In the original SIFT implementation (Object Recognition From Local Scale-Invariant Features, Proceedings of the International Conference on Computer Vision, Vol. 2, pp. 1150-1157), David Lowe suggested using k-d trees to perform the search. K-dimensional trees are essentially k-dimensional generalizations of standard binary search trees. (See J. L. Bentley, Multidimensional Binary Search Trees Used for Associative Searching, Communications of the ACM, 18(9):509-517, 1975, and J. H. Friedman, J. L. Bentley, and R. A. Finkel, An Algorithm for Finding Best Matches in Logarithmic Expected Time. ACM Trans. Math. Softw. 3, 3, 209-226, 1977). It is well known that k-dimensional trees (k-d trees) fundamentally require a logarithmic number of operations (with respect to the size of the database) to perform a search. It is also known that k-d trees are naturally suitable to find nearest (feature) matches in L-infinity metric, and their use for fast search using other metrics is more complicated.
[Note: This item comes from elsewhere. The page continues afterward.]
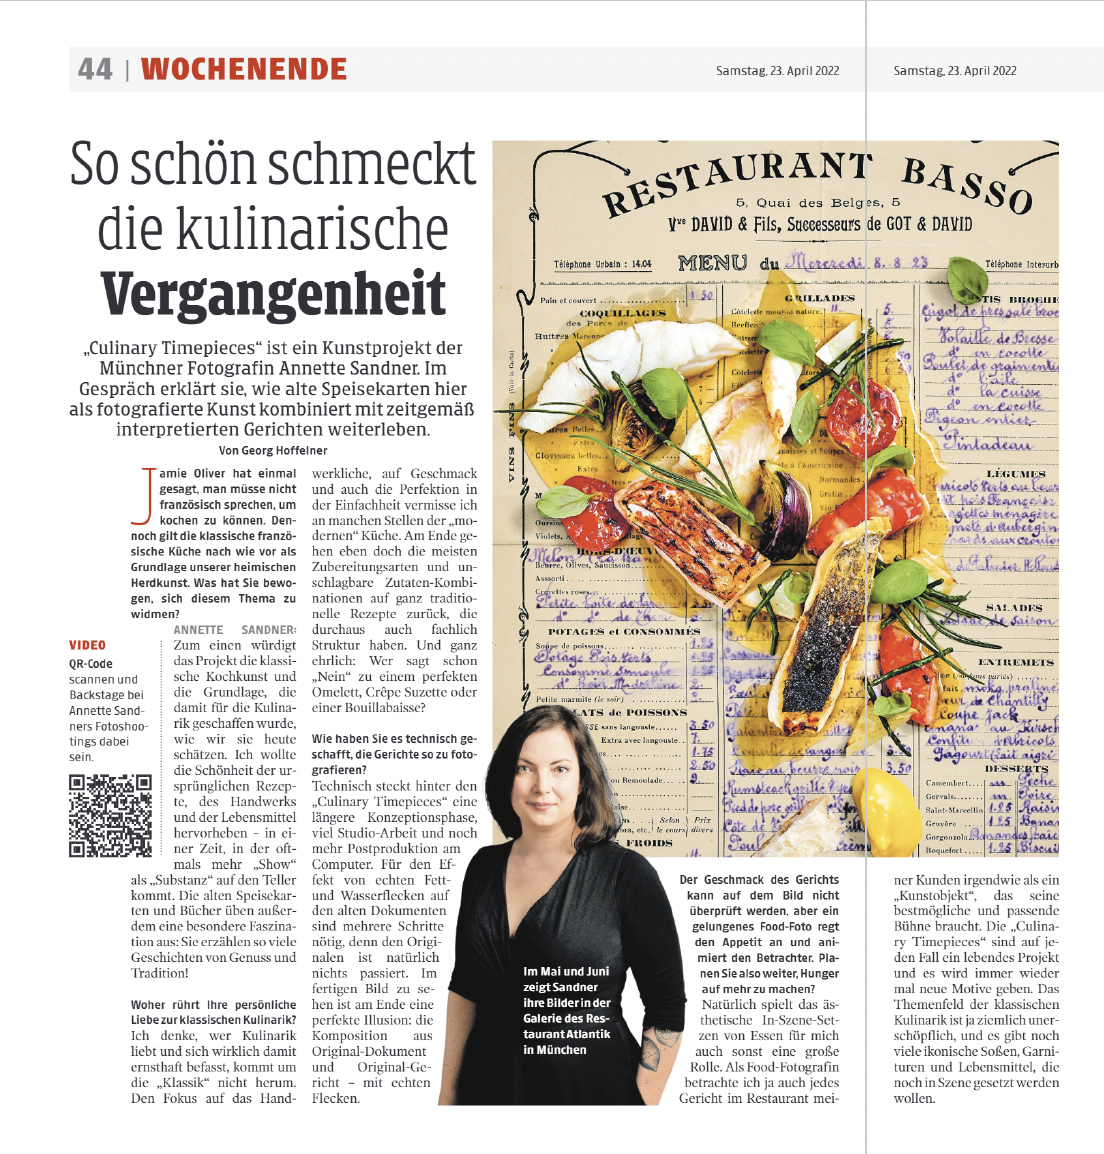 Kleine Zeitung 23.04.22 - So schön schmeckt die kulinarische Vergangenheit

So-called “vocabulary trees” is another example of a prior art algorithm which is based on tree-structured quantization of the space containing set of features in the database. It can be optimal for broad range of distance metrics, but it is computationally complex (finding nearest match at each level is an exhaustive search operation). The term “vocabulary trees” for computer vision implementations is discussed by: D. Nister and H. Stevenius, Scalable Recognition with a Vocabulary Tree, IEEE Conference for Computer Vision and Pattern Recognition (CVPR) 2006.
Both k-d trees and vocabulary trees use some fixed cardinality (say K) of their nodes, which implies that the search time will be logarithmic with respect to the size of the database being searched. Therefore, a method is needed to reduce the logarithmic search time for matches in a descriptor database.
SUMMARYThe following presents a simplified summary of one or more embodiments in order to provide a basic understanding of some embodiments. This summary is not an extensive overview of all contemplated embodiments, and is intended to neither identify key or critical elements of all embodiments nor delineate the scope of any or all embodiments. Its sole purpose is to present some concepts of one or more embodiments in a simplified form as a prelude to the more detailed description that is presented later.
A method for generating a descriptor tree data structure is provided. A plurality of descriptors is obtained for one or more images, where each descriptor is defined within a multi-dimensional descriptor space. For instance, the multi-dimensional descriptor space may be a bounded, k-dimensional value space, where k is an integer greater or equal to two.
The plurality of descriptors is then partitioned into nodes of a tree data structure, where the number of nodes in such partitioning is a function of the number of descriptors in the plurality of descriptors. The descriptors may be representative of local features in an image.
The nodes having more than two descriptors are then sub-partitioned into sub-nodes of the tree data structure until two or fewer descriptors remain per sub-node, where such sub-partitioning is a function of the number of descriptors remaining in each such node. The descriptor tree data structure may be stored for subsequent use in descriptor matching. For instance, a query descriptor for a query image may be subsequently obtained. The tree data structure is then iteratively traversed by progressively selecting nodes encompassing the query descriptor until a final node is reached. One or more descriptors are selected in the final node as a match with the query descriptor.
Such partitioning and sub-partitioning may also be a function of a dimensionality of such descriptors. For instance, for 2-dimensional descriptors the partitioning and sub-partitioning is based on a square root of the number of descriptors for a particular node. In another example, for 3-dimensional descriptors the partitioning and sub-partitioning is based on a cubic root of the number of descriptors for a particular node. In a general example, for k-dimensional descriptors the partitioning and sub-partitioning is based on a k-th root of the number of descriptors for a particular node, where k is an integer greater than or equal to four.
In one example, the partitioning and/or sub-partitioning may be based on a non-linear function. For instance, for a k-dimensional descriptor space, a number of partitions GN when N descriptors are present is given by GN=floor(kth-root(N)+0.5).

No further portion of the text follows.